A afirmação dirigiu-se ao ex-ministro das Infraestruturas quando o líder do Chega atacava Pedro Nuno Santos por causa da gestão por whatsapp na TAP e de ter autorizado o pagamento de meio milhão de euros a Alexandra Reis para sair da companhia aérea.
Assim que André Ventura o confrontou com a responsabilidade por uma injeção pública de 2,9 mil milhões na CP, o secretário-geral do PS respondeu logo: “Isso é mentira“, resposta que repetiu, justificando o que aconteceu como um acerto de contas com o Estado. “Não diga mentiras. Não houve nenhuma injeção na CP”. A questão foi rapidamente abafada por outros temas de um debate de grande intensidade e troca de acusações realizado esta quarta-feira na TVI/CNN entre os dois líderes partidários.

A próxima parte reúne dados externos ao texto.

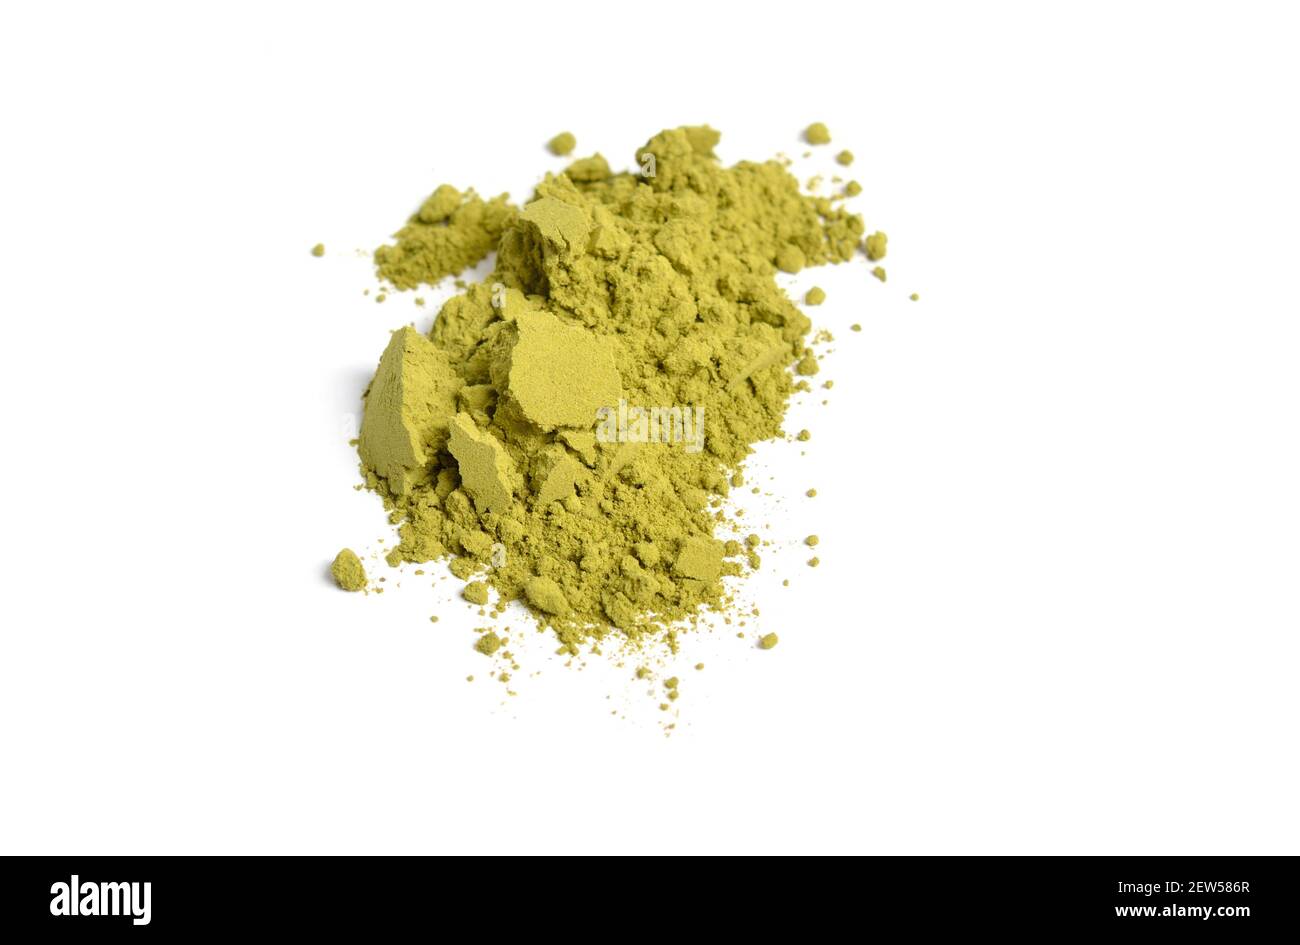 Matcha è polvere finemente macinata di foglie di tè verde coltivate e lavorate, tradizionalmente consumate nell'Asia orientale. Foto Stock

Não é a primeira vez que o ex-ministro é visado pela oposição à direita por causa da operação de saneamento da CP. E sempre a reboque da sua intervenção na TAP. No ano passado, durante a sua audição na comissão parlamentar de inquérito à gestão pública da companhia aérea, Pedro Nuno Santos foi confrontado por Paulo Moniz do PSD sobre uma injeção de 3,8 mil milhões de euros na CP.
O ex-ministro garantiu que a empresa “não recebeu injeção nenhuma”, acrescentando que “uma injeção nunca esteve em causa, a dívida é ao Estado, à DGTF (Direção-Geral do Tesouro e Finanças), trata-se de o Estado assumir a dívida, é uma operação contabilística.” Pedro Nuno Santos relacionou a operação com “a dívida gigantesca que pode chegar aos três mil milhões de euros”, num número que está mais próximo do referido no debate por André Ventura.
As declarações parecem juntar dois tipos de operações. Aumentos do capital na CP e o saneamento da dívida histórica que foi aprovada em 2021 por iniciativa do então ministro das Infraestruturas (Pedro Nuno Santos) depois de um braço-de-ferro público com o ministro das Finanças, João Leão.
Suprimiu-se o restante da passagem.